Second, Sprecan. Speak up and speak out when something isn’t right. Call attention to your own invisibility cloak and the ones that others around you are wearing. Call out racism, name privilege, and denounce the injustices that surround you. Talk about the horrible things that white people do under their invisibility cloaks every minute of every day. Talk about the systematic ways that the United States was established to define and protect whiteness. Toward the end of her classic essay on “White Privilege,” Peggy McIntosh makes a challenge that too few people follow-through on:

“[I]f we raise our daily consciousness on the perquisites of being light-skinned. What will we do with such knowledge? As we know from watching men, it is an open question whether we will choose to use unearned advantage to weaken hidden systems of advantage, and whether we will use any of our arbitrarily-awarded power to try to reconstruct power systems on a broader base.”

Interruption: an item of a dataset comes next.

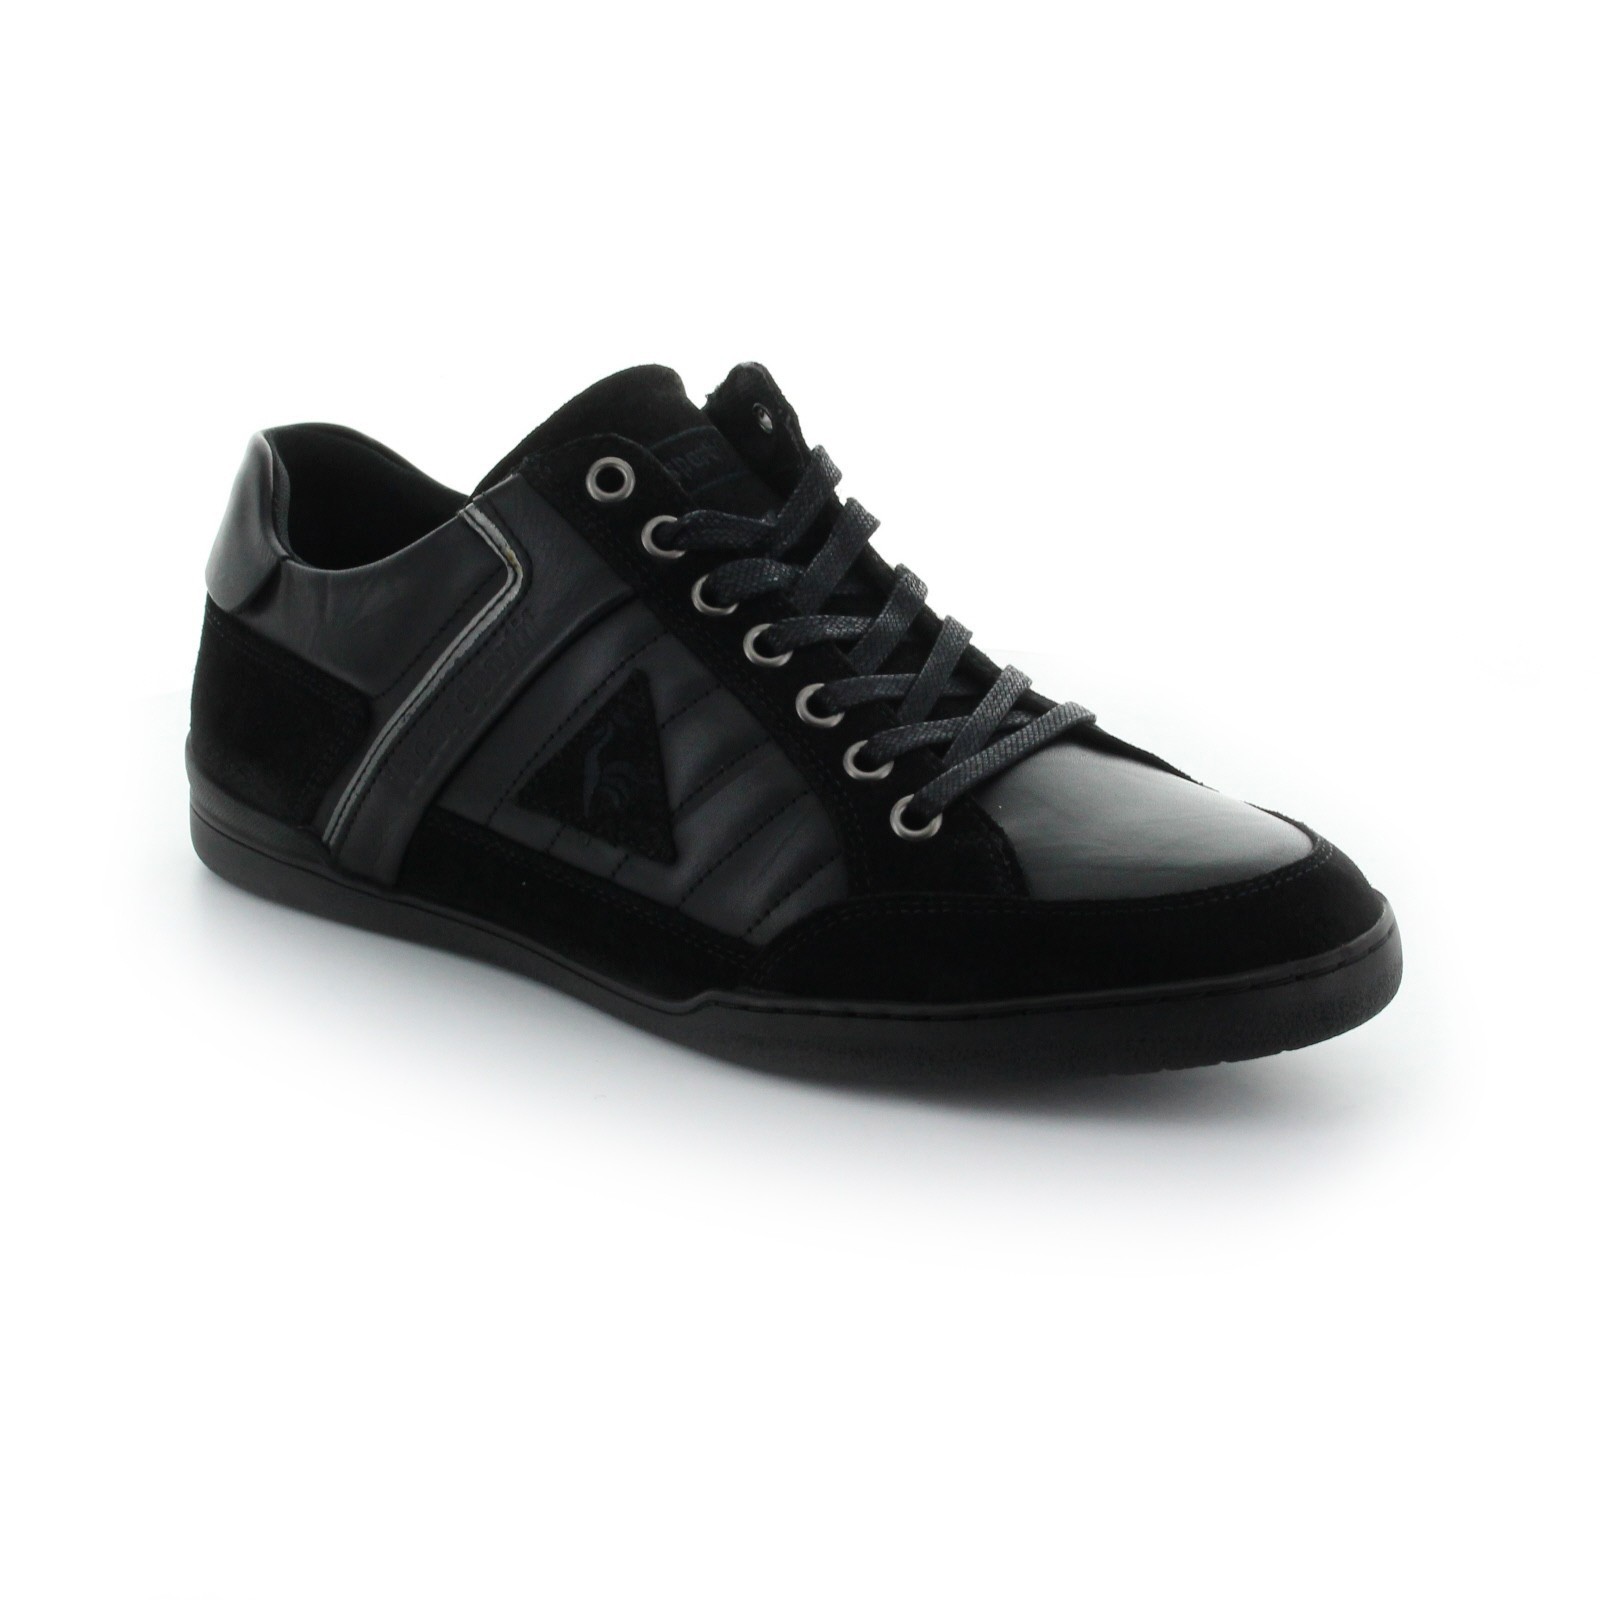 Vleien Oprechtheid Pellen footwear sneakers le coq sportif alsace low lea black - Спортни обувки -  Обувки - Мъже | Tempo Stores
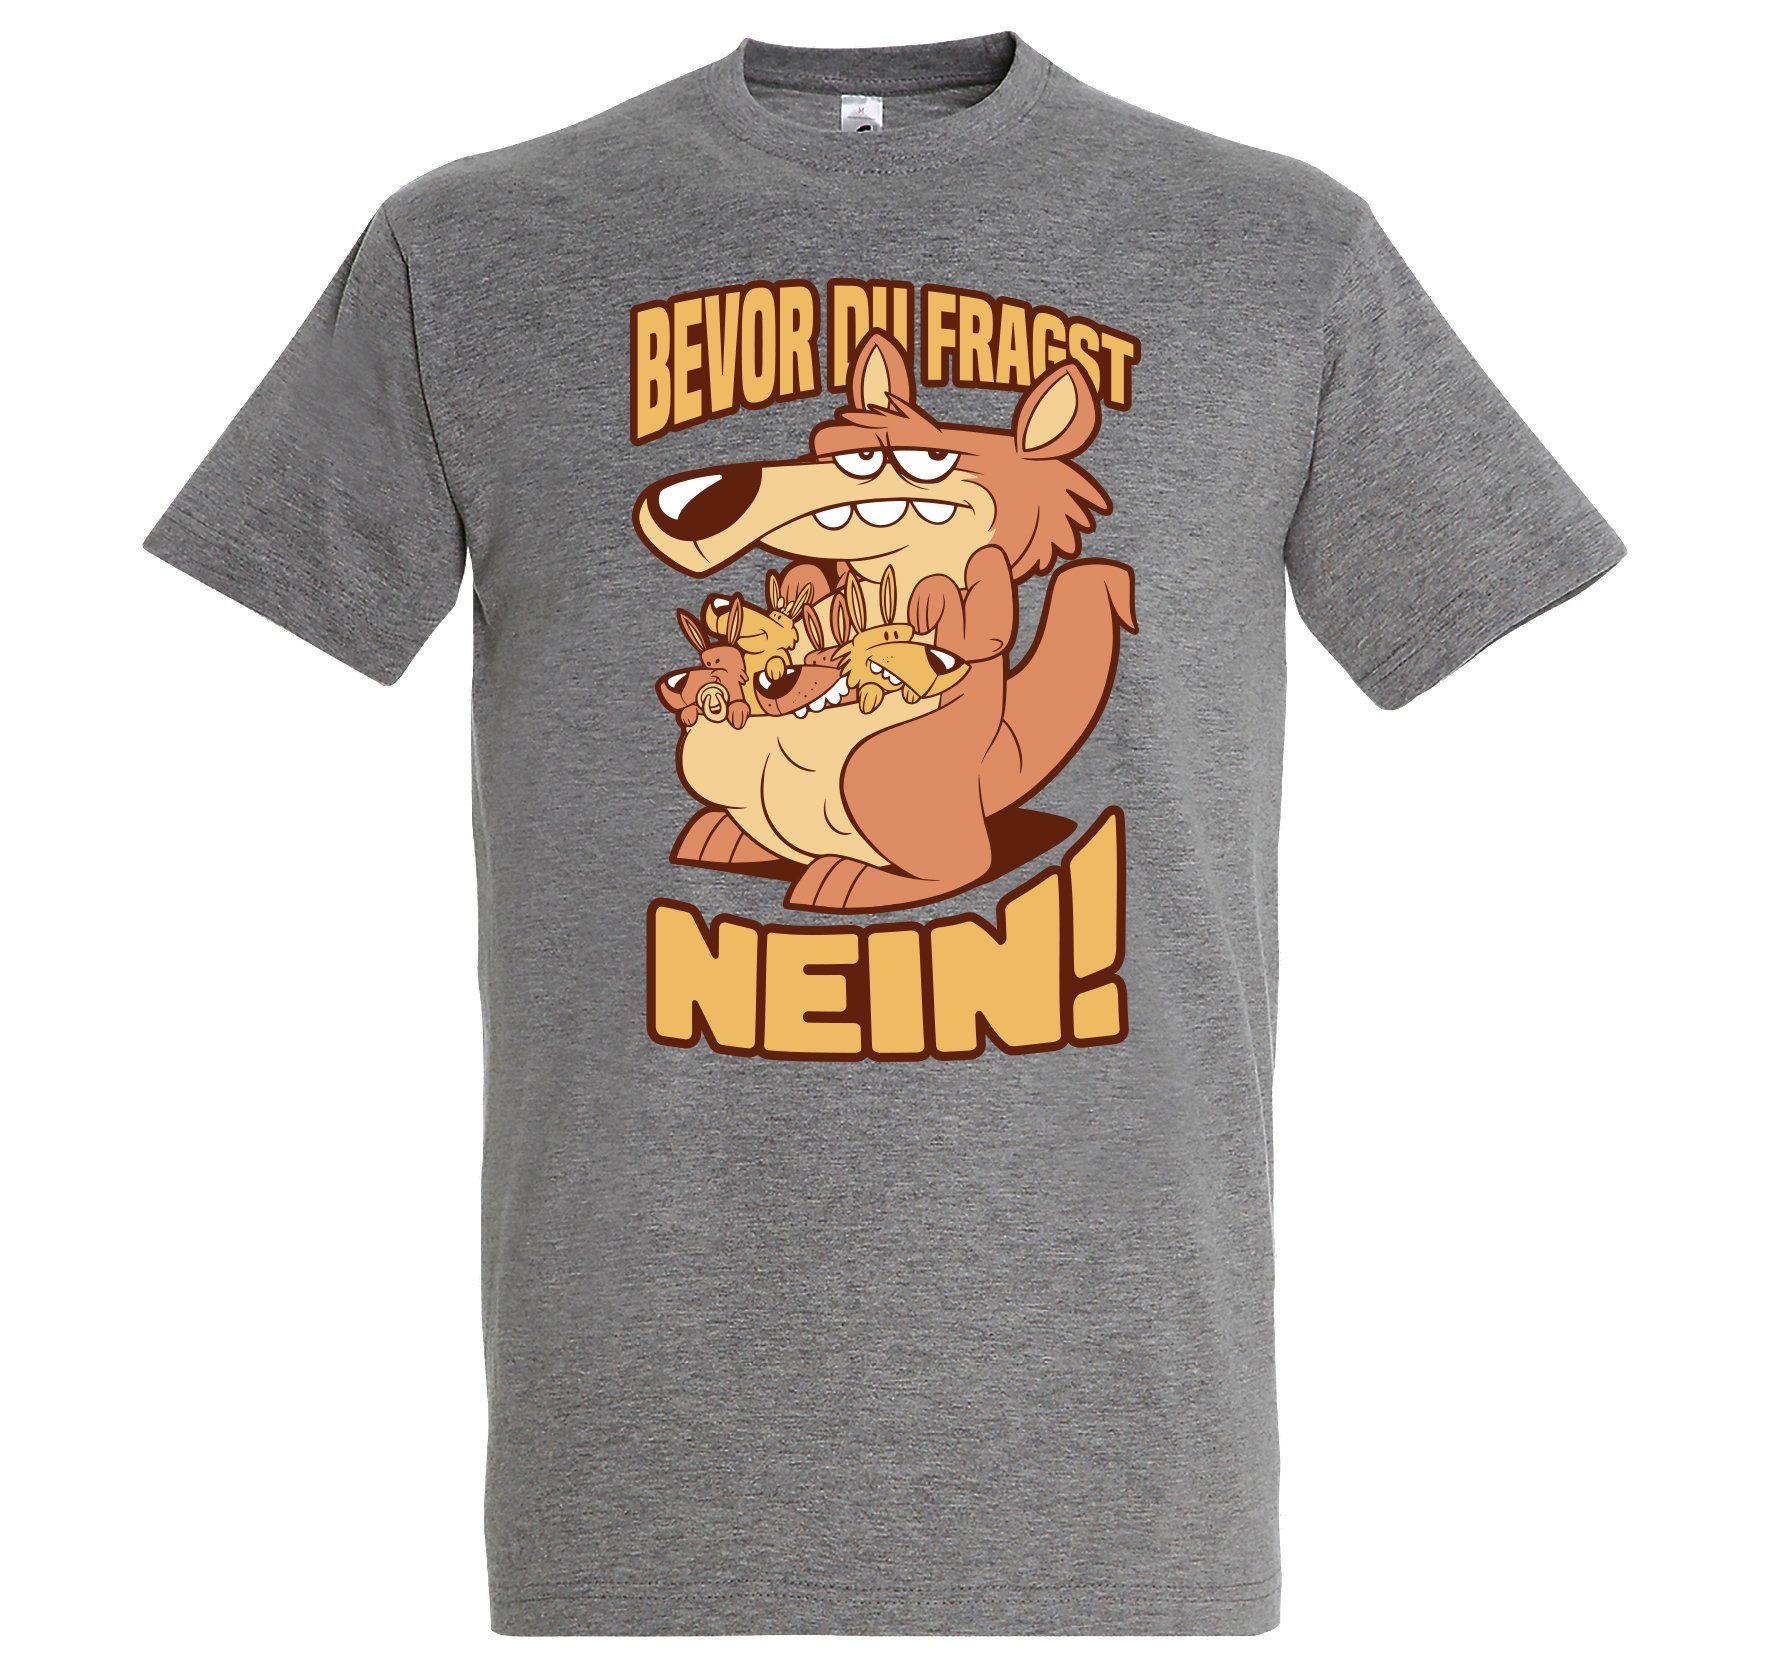 NEIN Grau Herren Youth lustigem Designz Aufdruck BEVOR Print-Shirt DU T-Shirt FRAGST mit Spruch

Which brings me to the third interrelated element of the spell, Actio Justitia. Do something to bring justice into reality. Talking isn’t enough, learning can’t be the end of it. Live differently. Show up at a protest. Assign texts in a class you teach. In a piece for Quartz in August, Janee Woods listed twelve things white people can do, including diversifying the media you consume, be proactive in your local community with workshops and attendance at civic organization’s activities, and don’t be afraid to be unpopular.

She also noted that if you are a person of faith, you can look to your scriptures and holy texts for guidance and inspiration. Additionally, “follow faith leaders that incorporate social justice into their ministry. Ask your clergy person to address antiracism in their sermons and teachings.” Christena Cleveland has written a lovely piece on Advent and Darkness that includes a reminder of what the season means in the Christian story:

“Advent is an invitation to plunge into the deep, dark waters of our worst world, knowing that when we re-surface for air we will encounter the hopeful, hovering Spirit of God. For when we dive into the depths of our worst world, we reach a critical point at which our chocolate and pageants no longer satiate our longing for hope – and we are liberated by this realization. Indeed, the light of true hope is found in the midst of darkness.”

And so, the final element of our spell, Hopa Lumen.

We hope for light. It can motivate us to carry out this spell to cast off these invisibility cloaks.

Educare. The light of education.

Sprecan. The light of truth.

Actio Justitia. The light of collective action.

Hopa Lumen.

 

Author’s apology: It may be obvious that I’ve been watching a marathon of Harry Potter movies this past week. If only social justice were as easy as getting the right magical spell.